The Great Depression may have exacerbated things, but there was already a serious lack of anything really growing from the 1920s onward.

It was horrific. People were starving and hopeless. By the time the Second World War started, however, the women saw an opportunity to travel and conduct work for a wage when they were already doing the same job for free on their own farms. It sounded so appealing that they came out in droves.

On the B.C. farmerette program of WW II

There were women who were transferred by train all the way across two provinces, bringing their supplies with them. They were dropped off at a train station, picked up by one of the farm labour program representatives, and taken to these little shacks—and really, shacks are what they were.
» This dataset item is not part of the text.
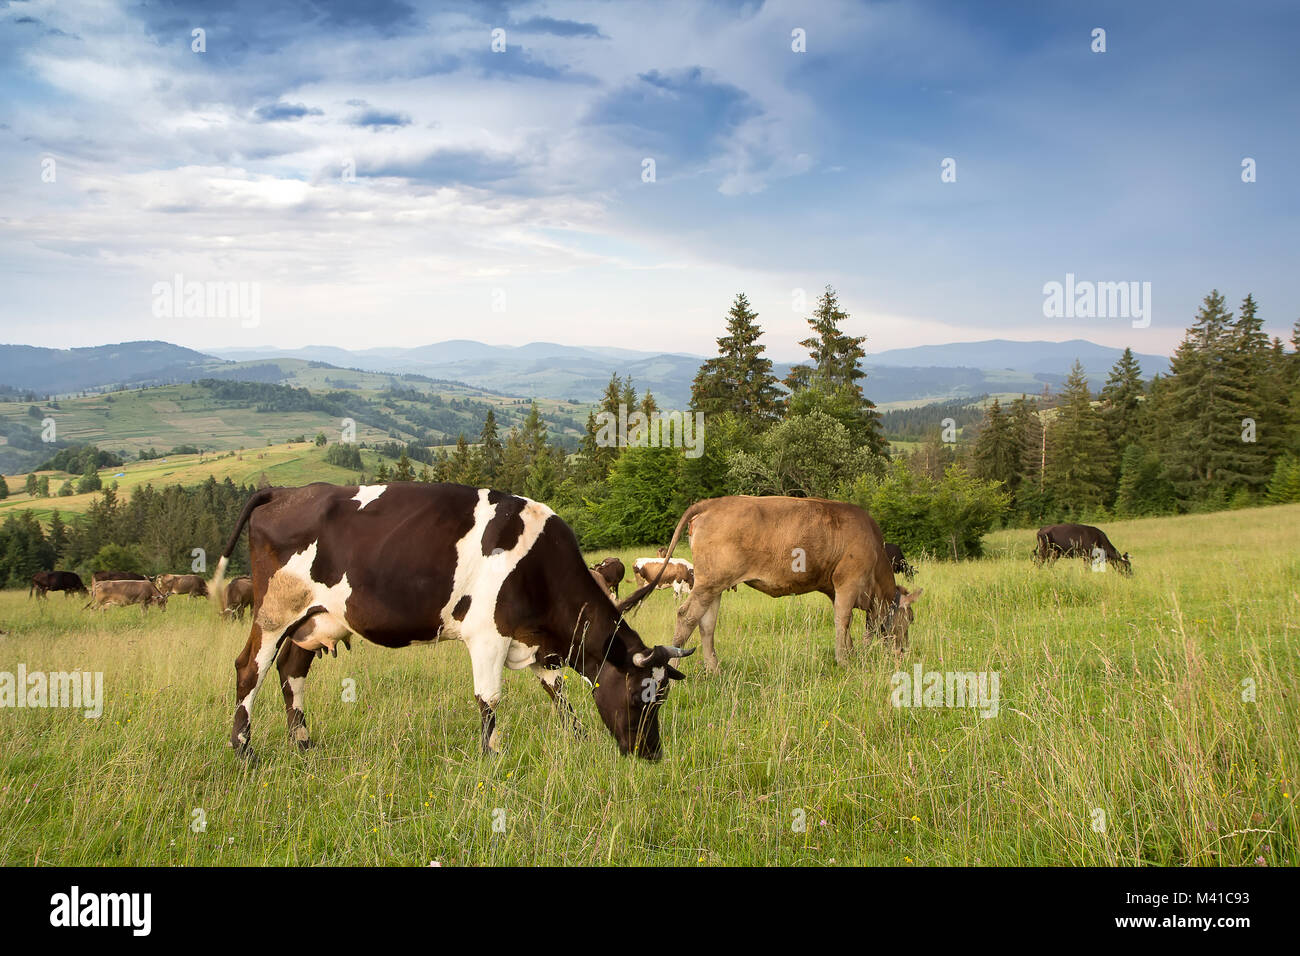 Un rebaño de vacas que pastan en los prados en una zona montañosa Foto de stock
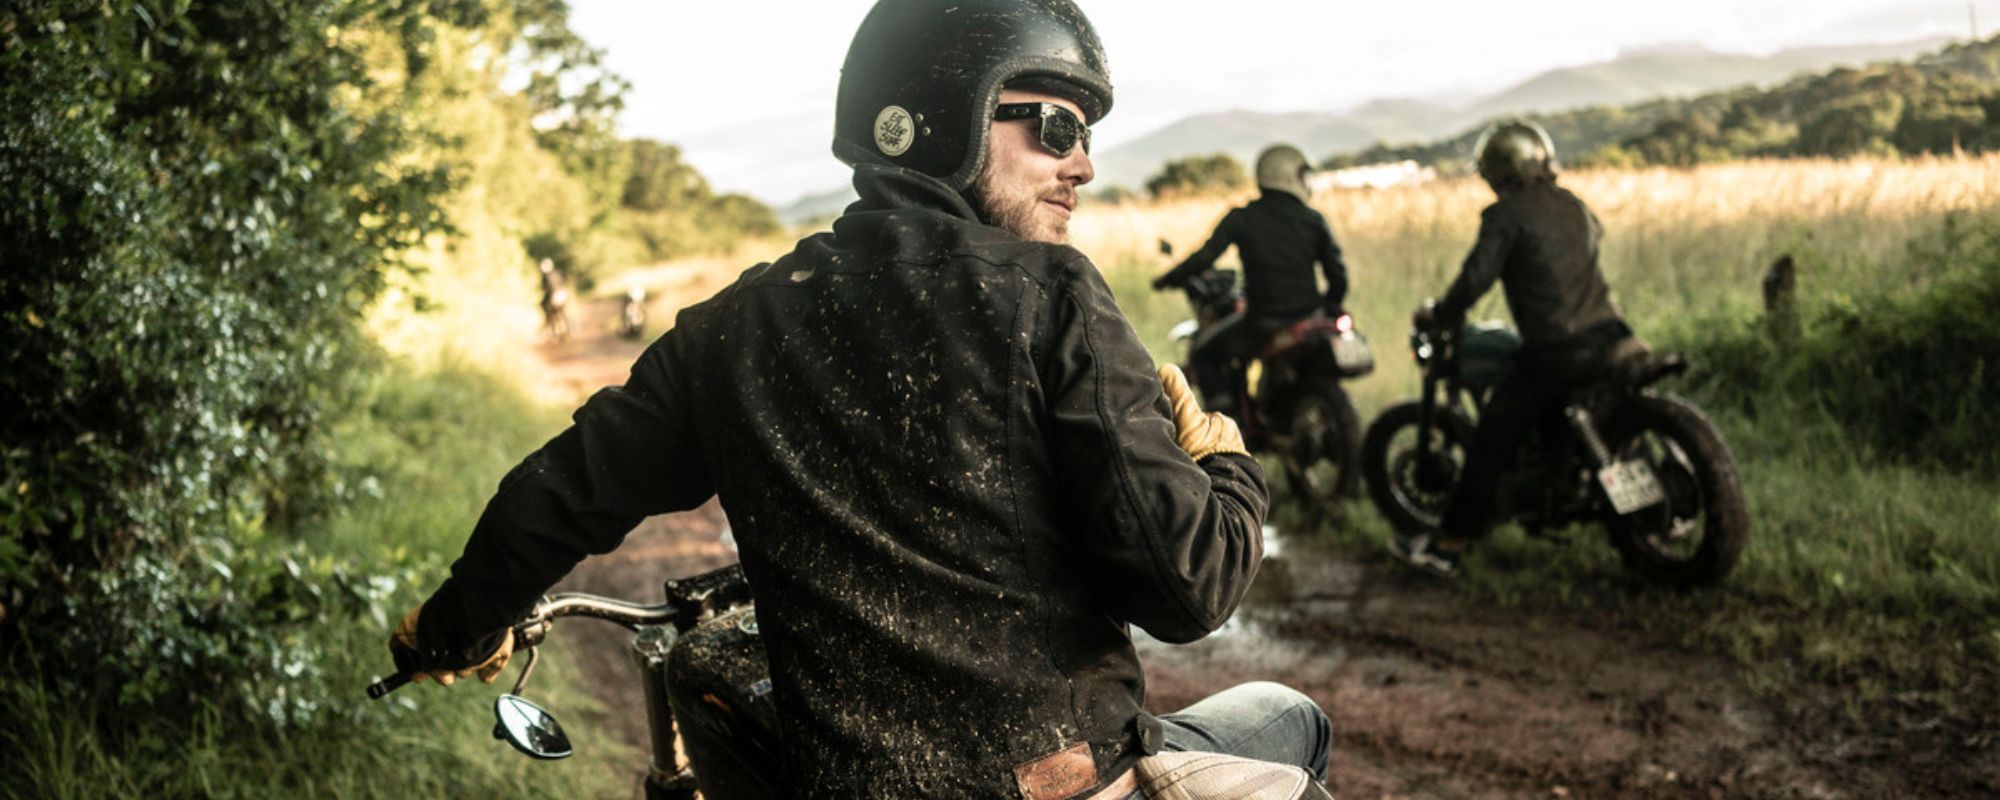 Motorradbekleidung richtig reinigen: So bleibt dein textiles Biker-Outfit in Topform

Every day, a farmer would come and request, say, 12 labourers. Twelve women would then get on the truck with him and go to his orchard or field and work. Sometimes, they were climbing ladders and they were often carrying big baskets around their neck and shoulders. At the end of the day, they were paid before returning to their shacks, and the food they were given was any extra produce from the day’s harvest. A lot of women survived on fruits and vegetables.

If I argued anything in the book, it was that they certainly left a legacy and that it shaped and redefined and expanded the roles and identities of these women and girls. Their stories are equally powerful—but in different ways—to the wartime women we hear about more regularly, such as Rosie the Riveter.

Lonie’s latest book, A Vacation for Victory. [McGill-Queen’s University Press]

On highlighting their service in print

One of the biggest challenges was finding their voices. There aren’t many first-hand accounts from these women when they were actually there, but you certainly see what they achieved in photographs. You also hear it in oral history, in stories passed down through their children and grandchildren.

It’s interesting because they had remarkably positive stories. Of course, nothing is perfect—they didn’t always have sunny days, so to speak—but their recollections are still so positive, with friendships that lasted a long time.

I don’t think there’s any one reason that they’ve been forgotten for so long, but I think it’s time that changed. It’s about peeling back those layers, finding those stories, and making sure they’re told.

This interview has been edited for brevity and clarity.